The substance can be used as a model to develop new substances, according to Cury. “It may not even become a medication, but based on the increased knowledge that these studies have contributed to basic research, it will be possible to improve other substances that we are developing to become analgesics. At CAT, we are lucky to be able to work with the two aspects,” she explained.

According to the Butantan researcher, one of the main difficulties in the research area is that when a drug is developed for a specific pain, it acts on a specific spot in a molecular mechanism, whose significance may not be limited to pain, but could impact other physiological systems.

“In these cases, the medicine interferes with pain, but also alters the entire system, causing adverse affects. For this reason, a better understanding of the molecular mechanism is necessary in order to develop a drug that is more precisely suited to the receptor that is altered by the diseases-related pain. And that is not an easy task. But we have managed many advances with new approaches and techniques,” highlights Cury.
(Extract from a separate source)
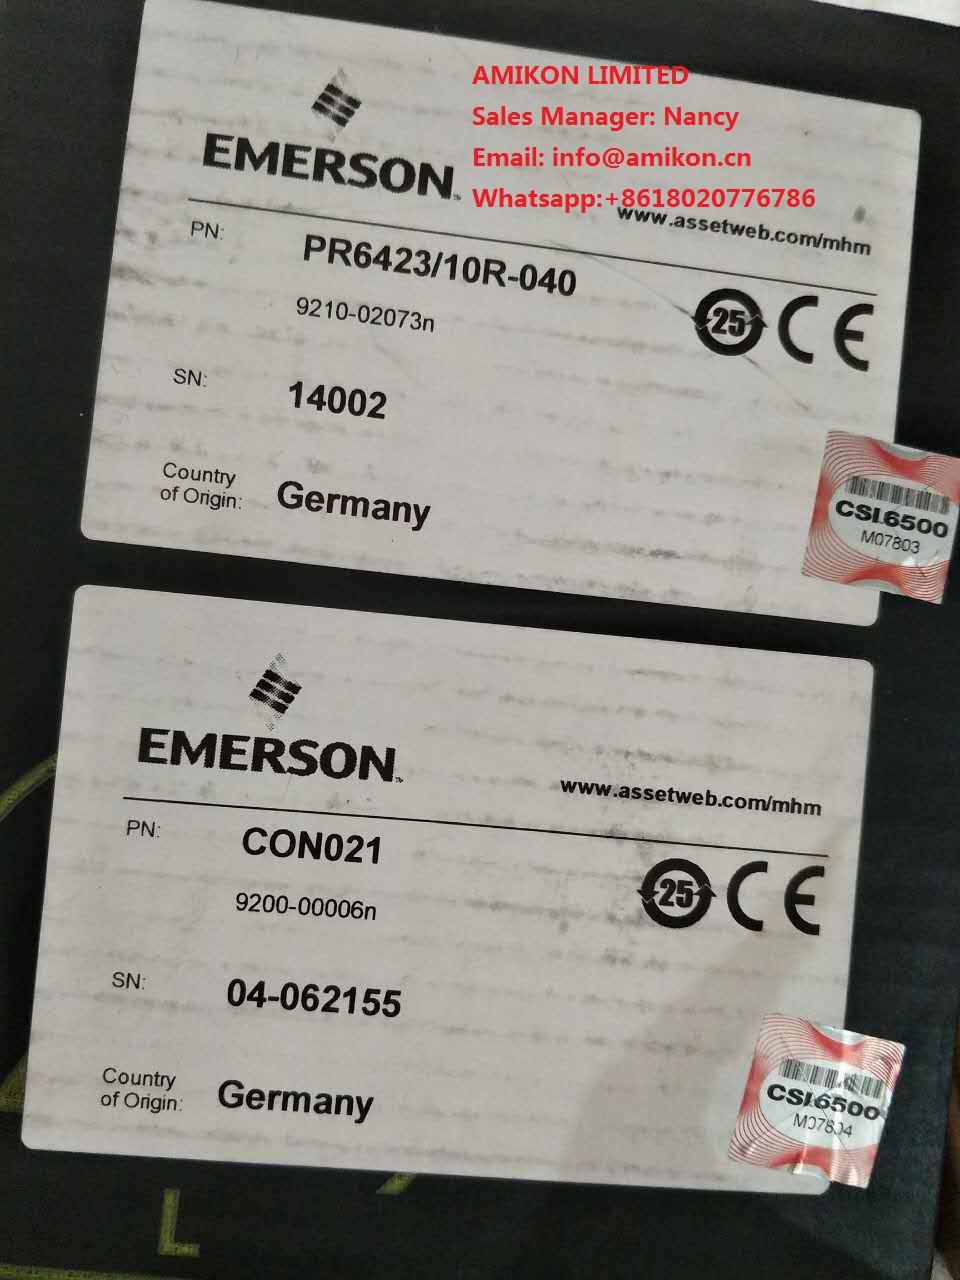 Emerson DeltaV DCS KJ2201X1-BA1 Logic Solver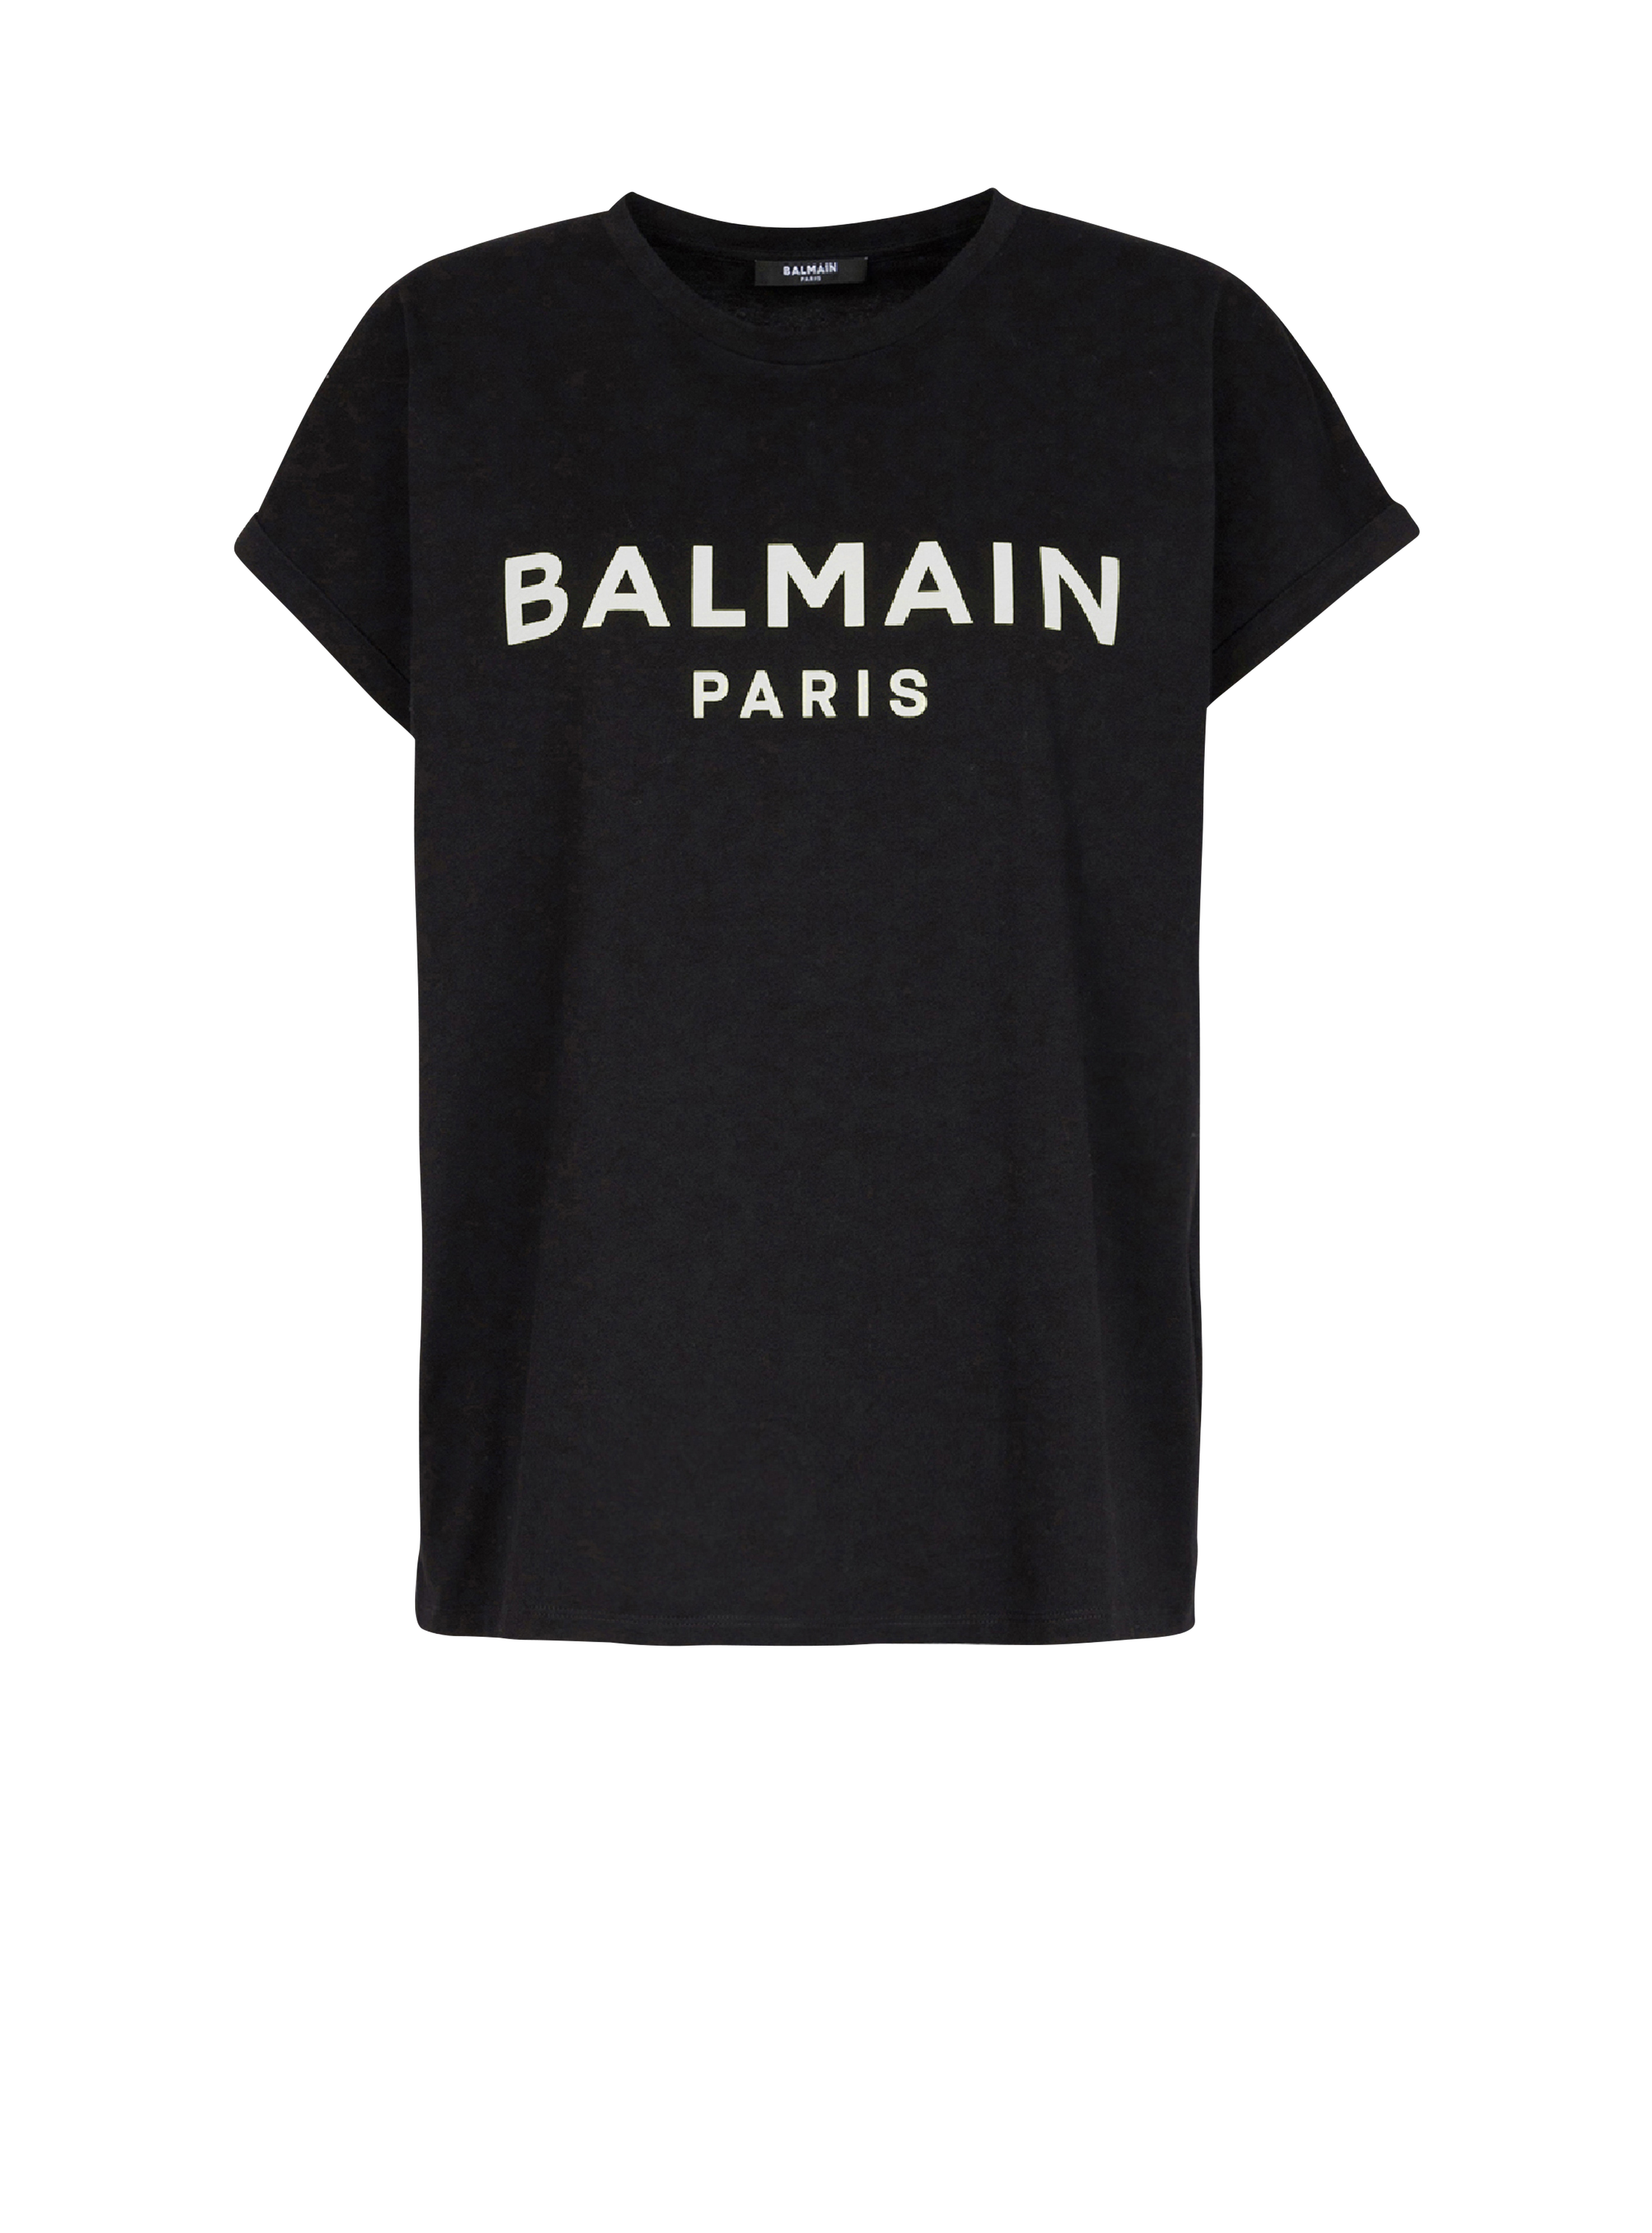 T-shirt en coton éco-design imprimé logo Balmain, noir

During the workshop, Daniel Tracy from Duke University discussed “Alternatives to mammalian pain models: using Drosophila to identify novel nociceptive genes.” Carlos Parada from Universidade Estadual de Campinas (Unicamp) spoke about “Oligonucleotide antisense as a new pharmacological tool to control pain.”

Giles Rae of the Universidade Federal de Santa Catarina (UFSC), presented a workshop on  “Endothelins as potential new targets for pain relief: what is the current picture?”.
 
Lakshmi Devi, Mount Sinai School of Medicine, debated “Interactions between cannabinoid and opioid receptors during neuropathic pain.”

“Peripheral injury regulates opioid receptor expression and increases the antinociceptive effect of crotalphine, an opioid-like drug” was the topic chosen by Yara Cury. Jeffrey Mogil,  McGill University (Canada), presented a workshop on “What’s wrong with animal models of pain?.”